**Problem to work on:**
No picture should appear in the copy. Transcribe exactly, and only, the lines from the one with "streets-barber-1.jpg" through the last line of the data below.

**Data section:**
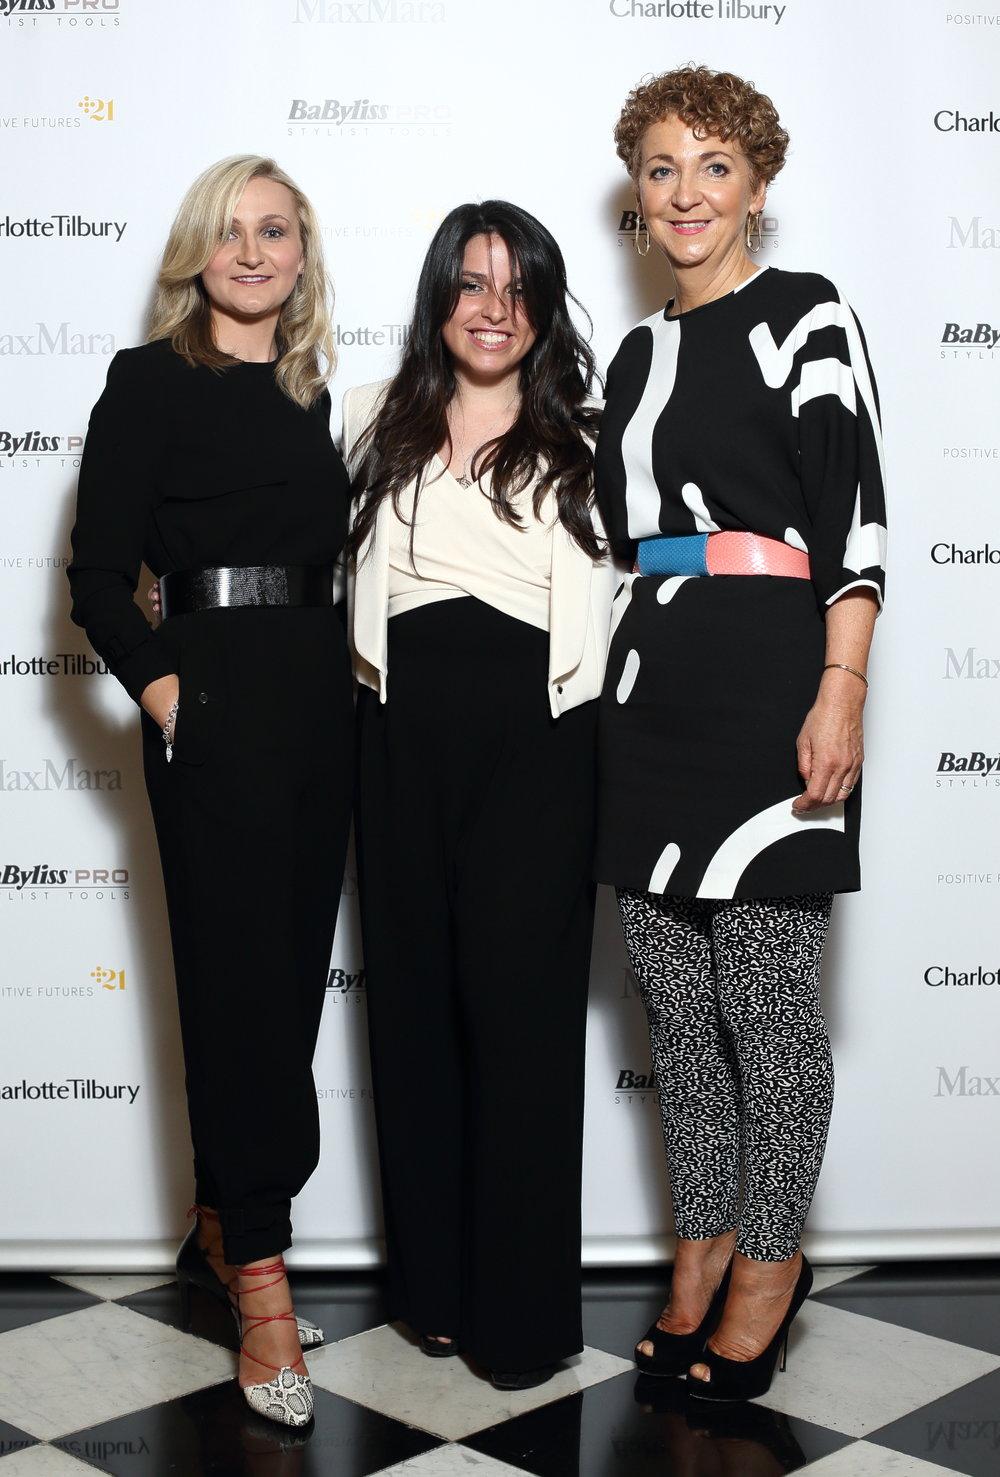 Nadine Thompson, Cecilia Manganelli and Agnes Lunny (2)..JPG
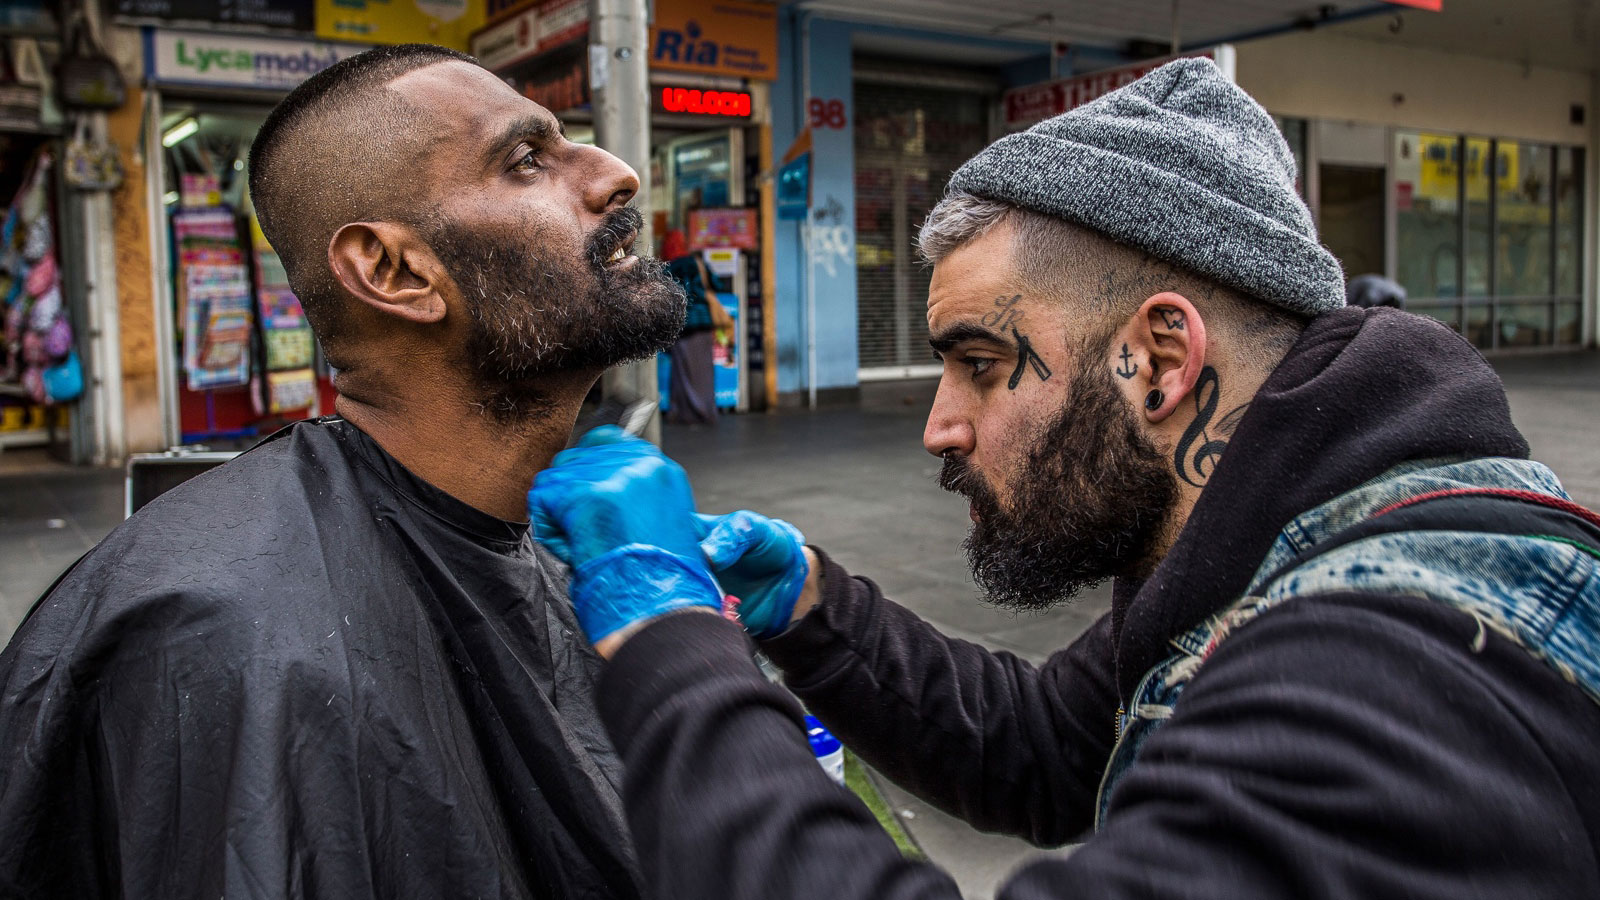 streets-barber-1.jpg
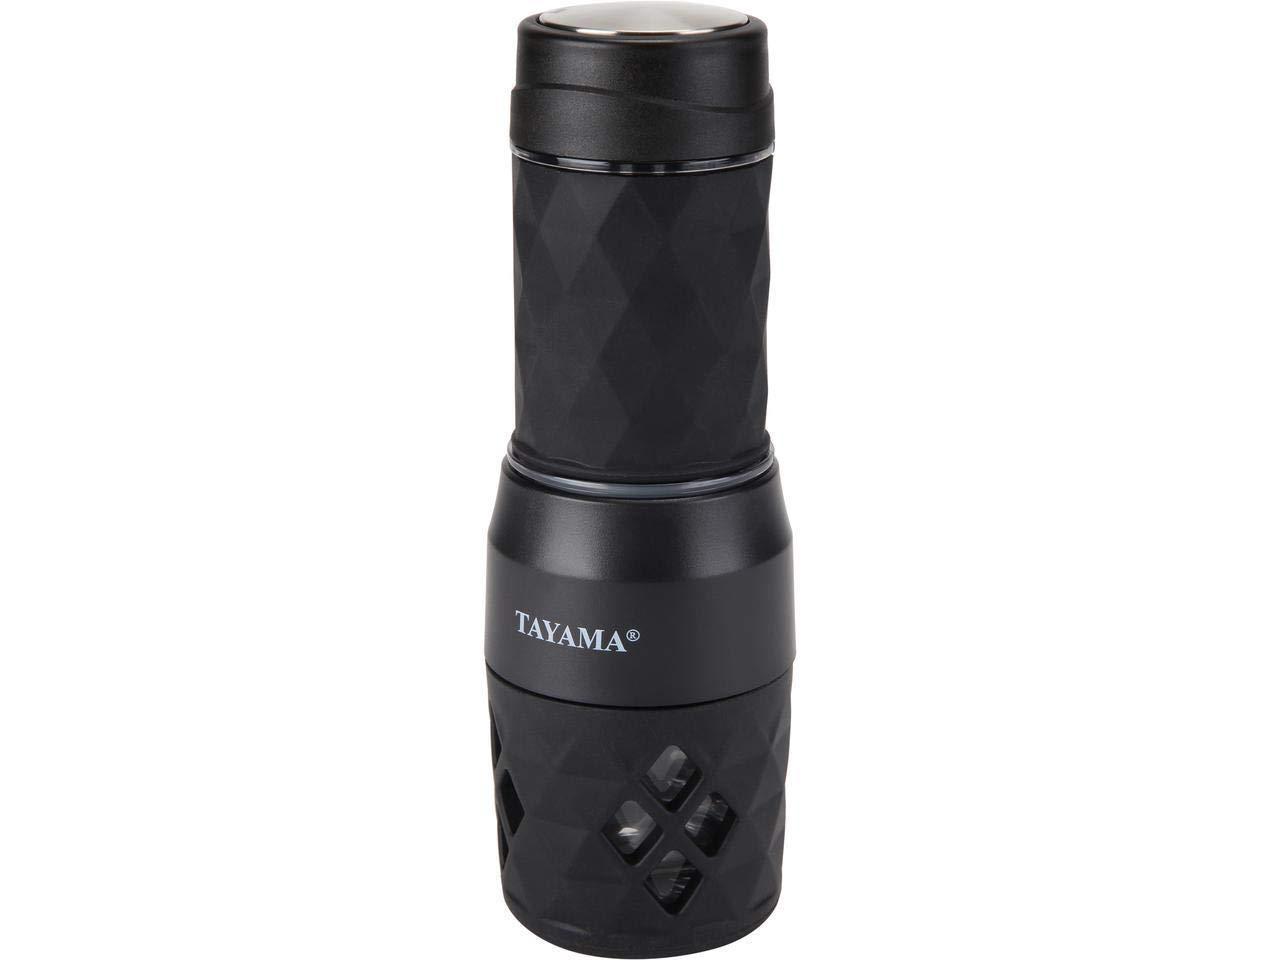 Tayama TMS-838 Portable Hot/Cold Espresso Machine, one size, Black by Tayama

**Result for this exercise:**
 streets-barber-1.jpg
 Tayama TMS-838 Portable Hot/Cold Espresso Machine, one size, Black by Tayama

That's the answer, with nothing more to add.